A dolabralexin-deficient mutant provides insight into specialized diterpenoid metabolism in maize

Two major groups of specialized metabolites in maize (Zea mays), termed kauralexins and dolabralexins, serve as known or predicted diterpenoid defenses against pathogens, herbivores, and other environmental stressors. To consider the physiological roles of the recently discovered dolabralexin pathway, we examined dolabralexin structural diversity, tissue-specificity, and stress-elicited production in a defined biosynthetic pathway mutant. Metabolomics analyses support a larger number of dolabralexin pathway products than previously known. We identified dolabradienol as a previously undetected pathway metabolite and characterized its enzymatic production. Transcript and metabolite profiling showed that dolabralexin biosynthesis and accumulation predominantly occur in primary roots and show quantitative variation across genetically diverse inbred lines.
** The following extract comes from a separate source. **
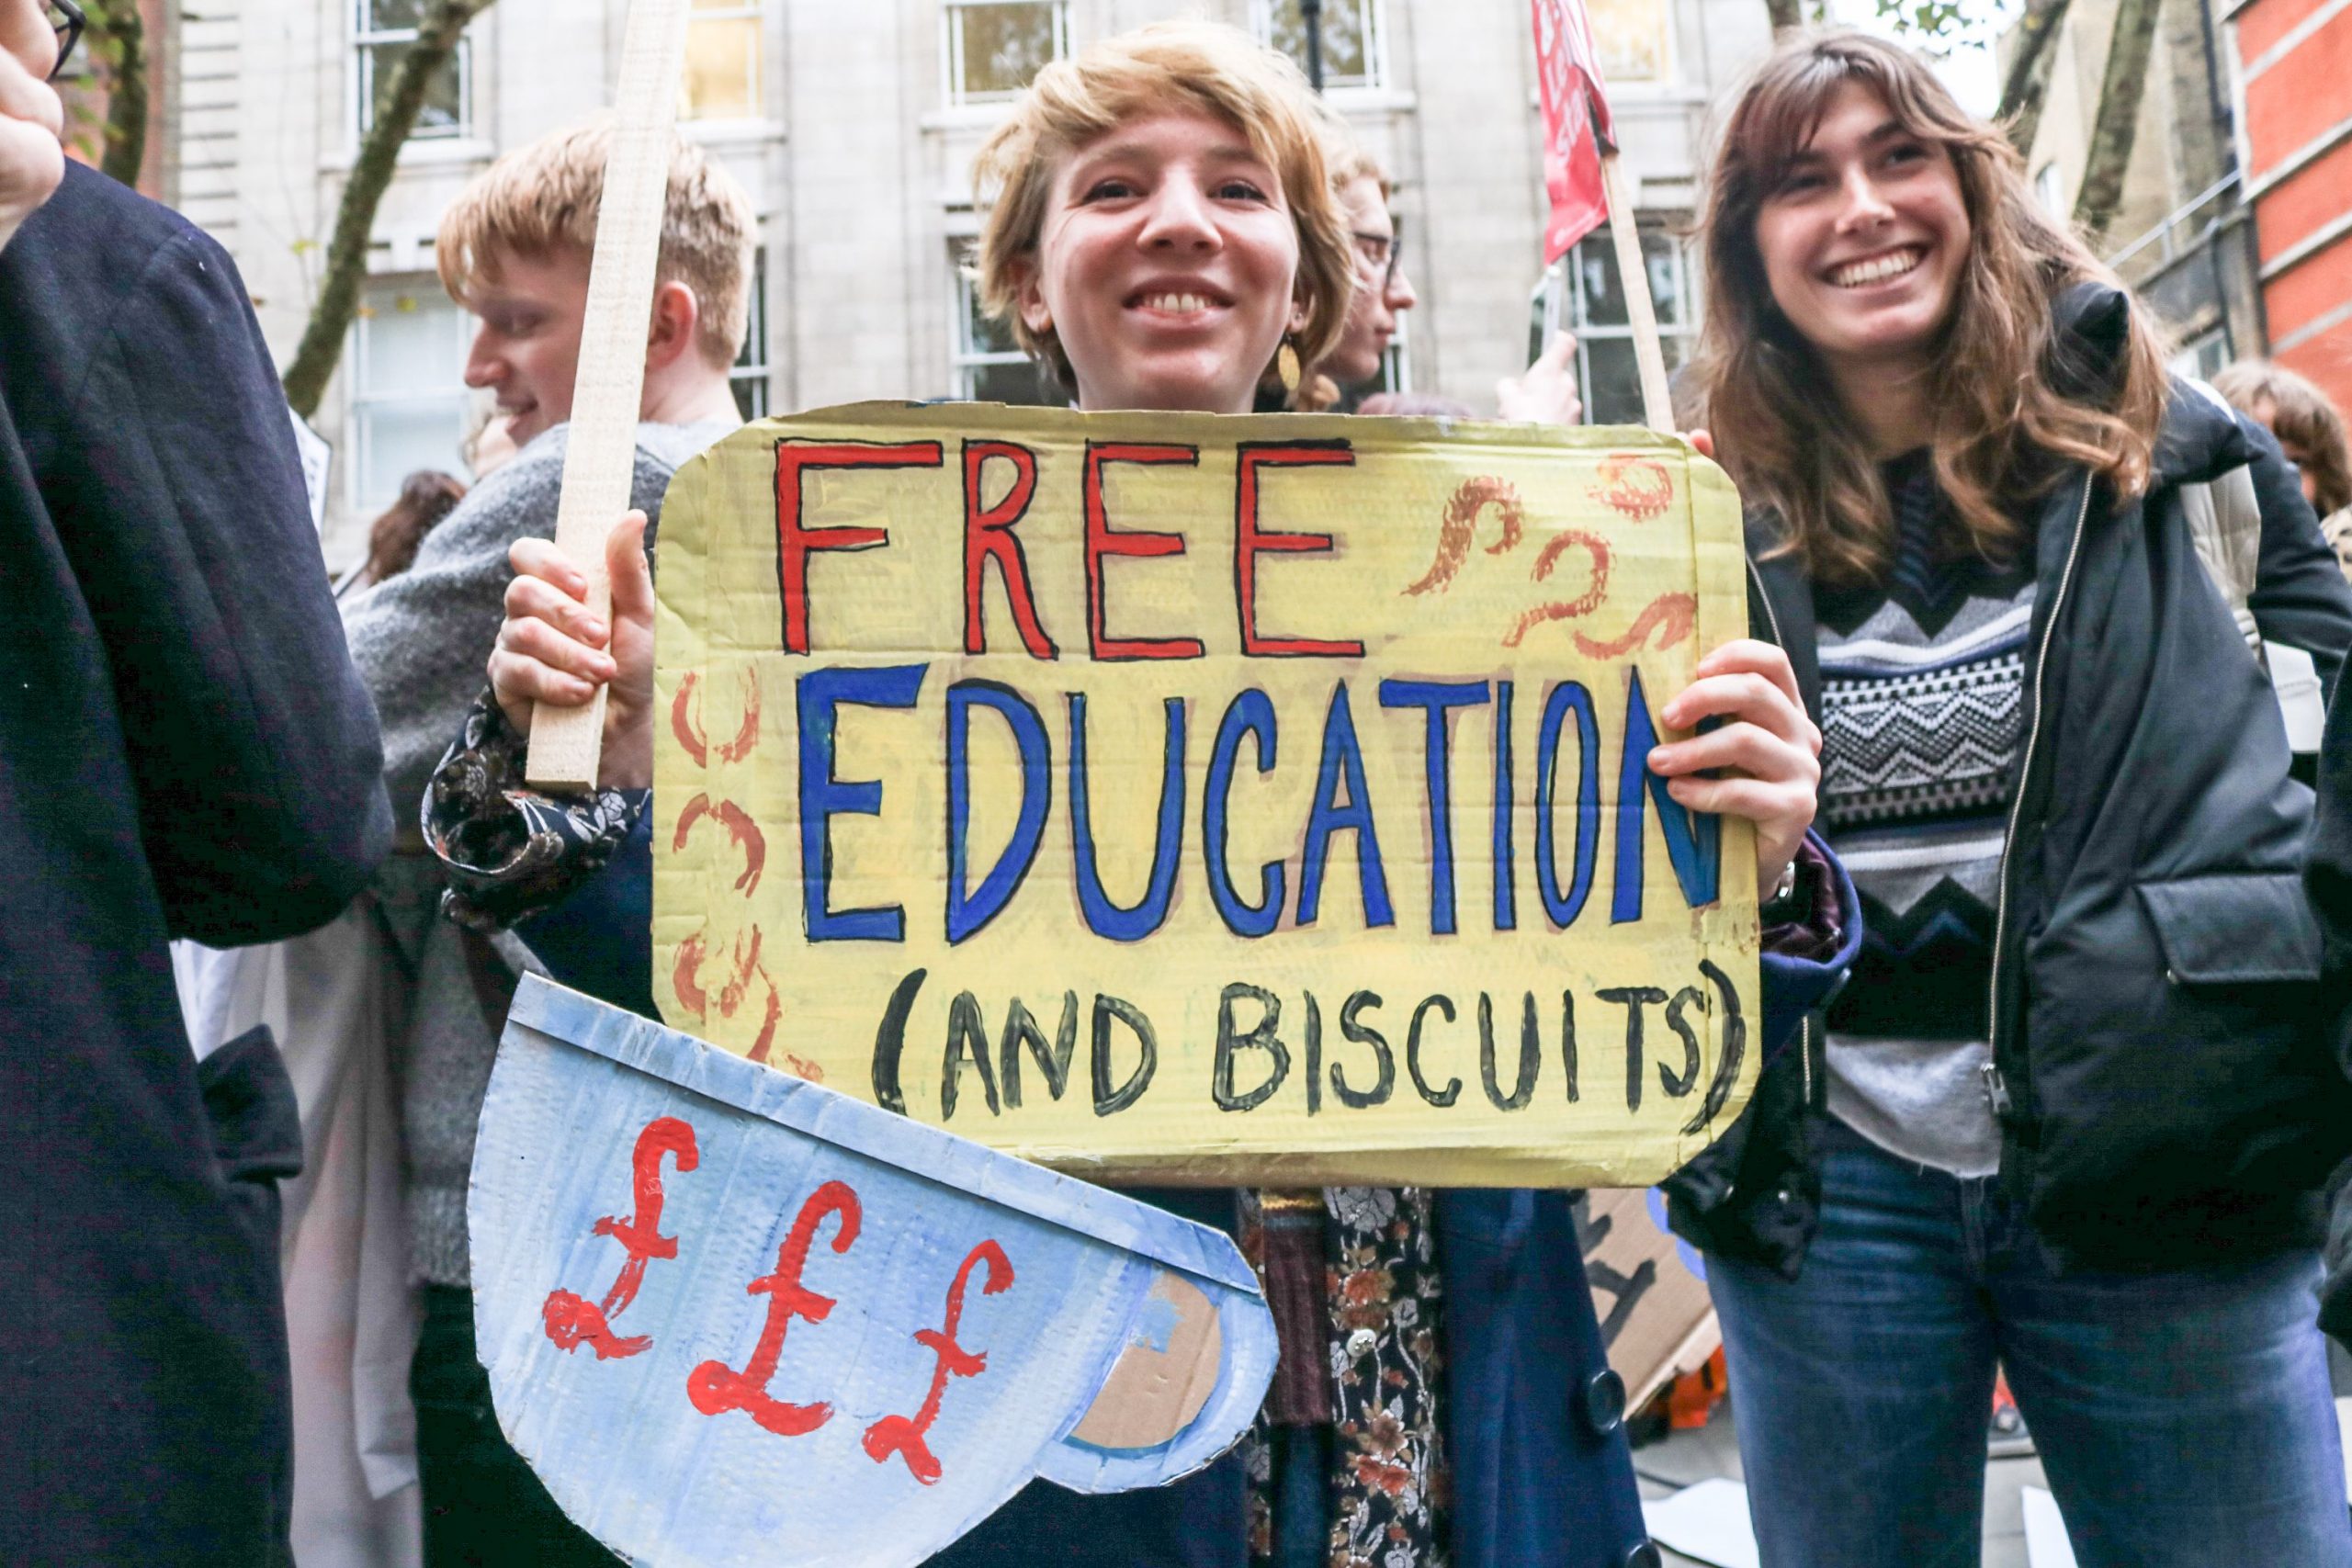 Students protesting holding a sign reading Free education (and biscuits)

Generation and analysis of CRISPR-Cas9-derived loss-of-function Kaurene Synthase-Like 4 (Zmksl4) mutants demonstrated dolabralexin production deficiency, thus supporting ZmKSL4 as the diterpene synthase responsible for the conversion of geranylgeranyl pyrophosphate precursors into dolabradiene and downstream pathway products. Zmksl4 mutants further display altered root-to-shoot ratios and root architecture in response to water deficit. Collectively, these results demonstrate dolabralexin biosynthesis via ZmKSL4 as a committed pathway node biochemically separating kauralexin and dolabralexin metabolism, and suggest an interactive role of maize dolabralexins in plant vigor during abiotic stress.

Automated summary

In maize, two major groups of specialized metabolites, kauralexins and dolabralexins, are involved in defending against pathogens, herbivores, and other stressors. This study examined the dolabralexin pathway and found new metabolites and characterized their production. Genetic analysis showed that dolabralexin biosynthesis occurs mainly in primary roots and varies across different maize lines. Loss-of-function mutants for the diterpene synthase gene ZmKSL4 demonstrated deficient dolabralexin production and exhibited altered root architecture in response to water deficit. These findings suggest that maize dolabralexins play a role in plant vigor during abiotic stress.